As the Danes invade Kent in 885, Alfred goes on the offensive, driving back invaders and occupying London in 886.

Alfred proposes a treaty with Guthrum of co-existence: Anglo-Saxons in the south and west, with Danes in the north and east, which both parties agreed to.

The last Viking King of Northumbria was Eric Bloodaxe, who had previously been King of Norway in the 930’s.  He was expelled for extreme cruelty, having murdered his seven brothers’.

eric-bloodaxe

Eric Bloodaxe

In 947 Eric received the position as King until being expelled in 949 by Eadred, King of England, returned in 952 and killed by Eadred’s army in 954 at Stainmore.

In 950, Wales comes under attack from Viking’s in their longships, from Ireland, Isle of Man and the Hebrides.  They showed much interest in coastal monasteries, looking for riches.

Aethelred II came to the throne in 978; his long reign in a battle scarred England took its toll on his health and his country.  No longer fit to command his army in battle, he bribed attacking armies.  In 994 Sven Forkbeard led a Danish army against London.  The attack was a failure; it was doomed from the start, for Forkbeard had been bought off.  Yet, his army went forward and ravaged the south-east.

In 1013, the Saxon King Aethelred, flees to Normandy as King Sven of Denmark and his son Cnut sail up the Humber and Trent, to become King of England.  In 1014 Sven dies and is succeeded by his son Cnut, who becomes King of the Danes and England.

In 1016, Aethelred dies, and his son Edmund Ironside, takes on Cnut, believing he should be King of England.

At the “Battle of Ashingdon” in Essex, the two armies do battle, and Edmund is defeated.  Even though Edmund was defeated, the control of England was split in two.  Canute controlled the lands in the north, whilst Edmund controlled those in the south.

Later that year Edmund dies and Canute is chosen to rule England as its new King.

In 1035, Canute dies and Harold Harefoot, snatches the throne from his half-brother Harthacanute, the rightful heir.  In 1040 Harthacanute ascends to the English throne upon the death of Harold Harefoot.  In 1042 Edward the Confessor, son of Aethelred II becomes King of England upon the death of Harthacanute.

In 1051, William, Duke of Normandy, met with Edmund at his court, where it was agreed William would succeed Edward the Confessor as the next King of England.

In 1064, Harold Godwineson, Earl of Wessex and close adviser to the King, swore an oath of support to William in his claim to the English throne.

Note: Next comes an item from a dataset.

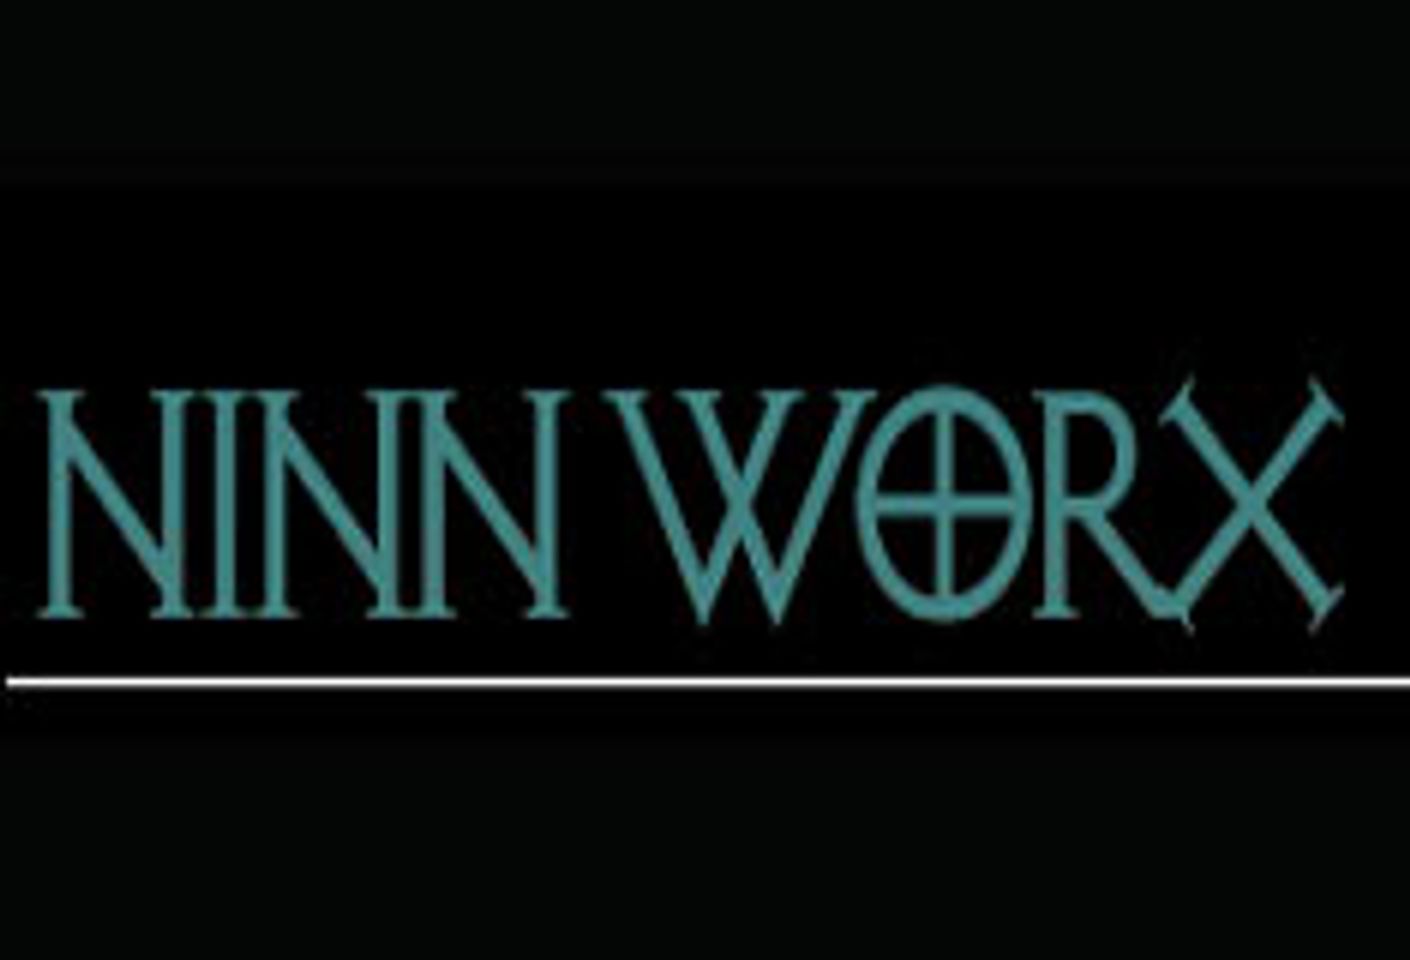 Ninn Worx to Co-Host Carmen Electra/ Dave Navarro Party at Hard Rock
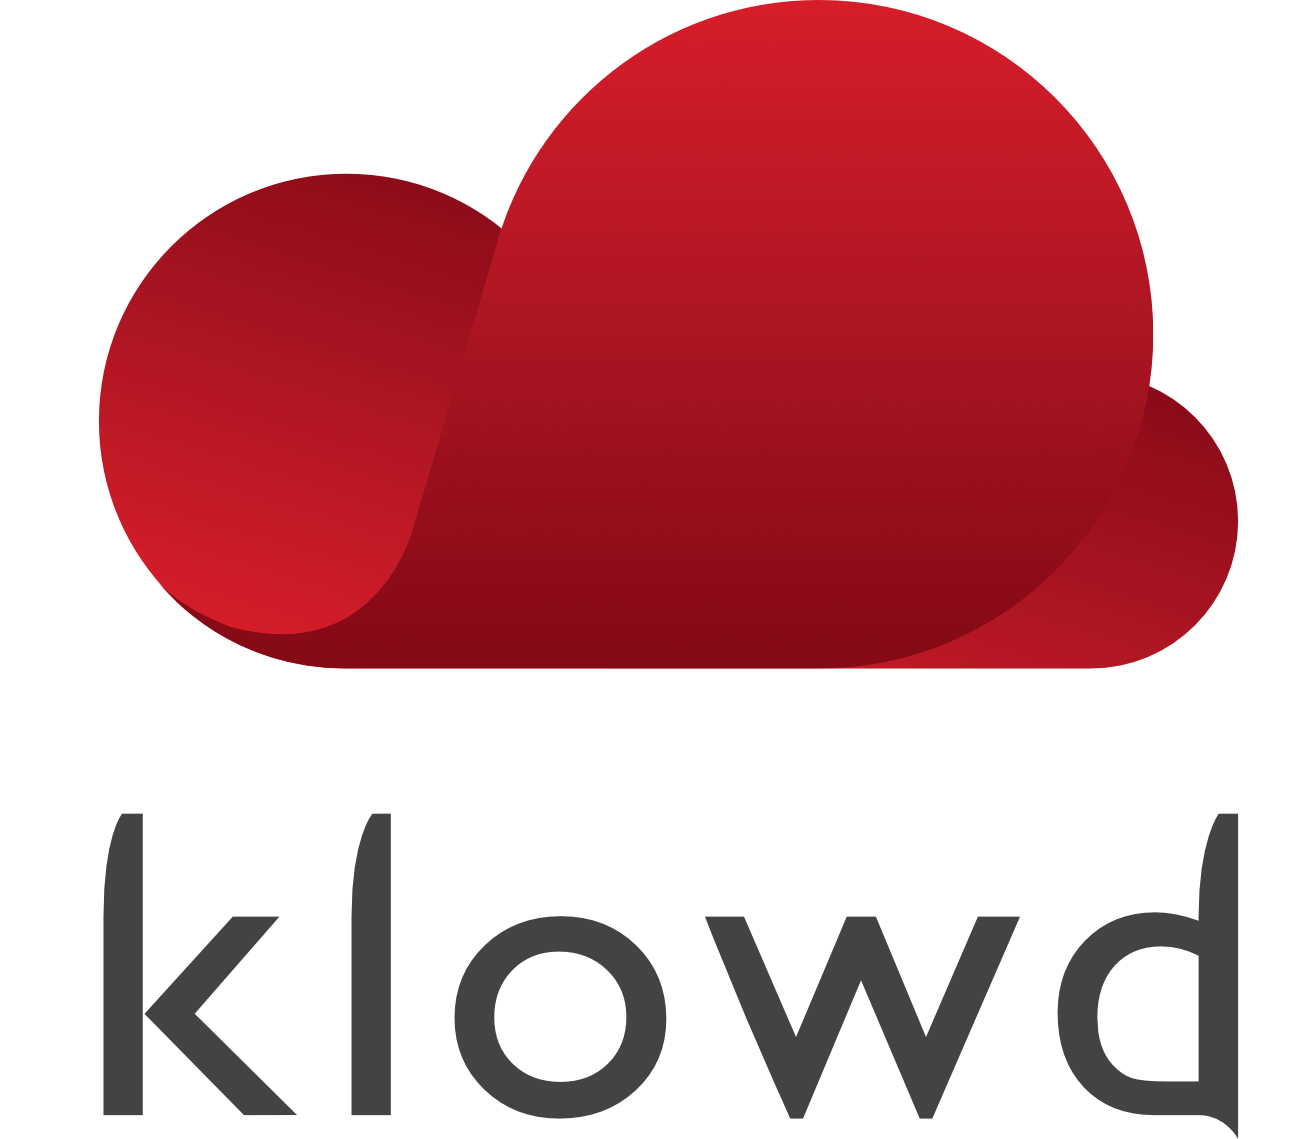 klowd.mobile | Refurbished iPhone & iPad

In 1066, Edward the Confessor dies and Harold Godwineson becomes the last Anglo-Saxon King of England.  William, the Duke of Normandy had been promised the English throne, yet Harold became King, backed by his nobles… William had been betrayed.

King Harald of Norway invaded northern England, laying siege and capturing York.  King Harold is forced to march north and meet Harald at Stamford Bridge, whereupon the King of Norway is killed in battle.

As the news reached King Harold of William’s landing in the south, his tired army had to march south… no time for rest and take on William’s forces.

battle-of-hastings

Battle of Hastings

On the 14th October 1066, William the Duke of Normandy and King Harold of England met on the battle field, the prize on offer to the victor; King of England.

The “Battle of Hastings” was won by William, the Duke of Normandy, and from that day forth, life in England changed.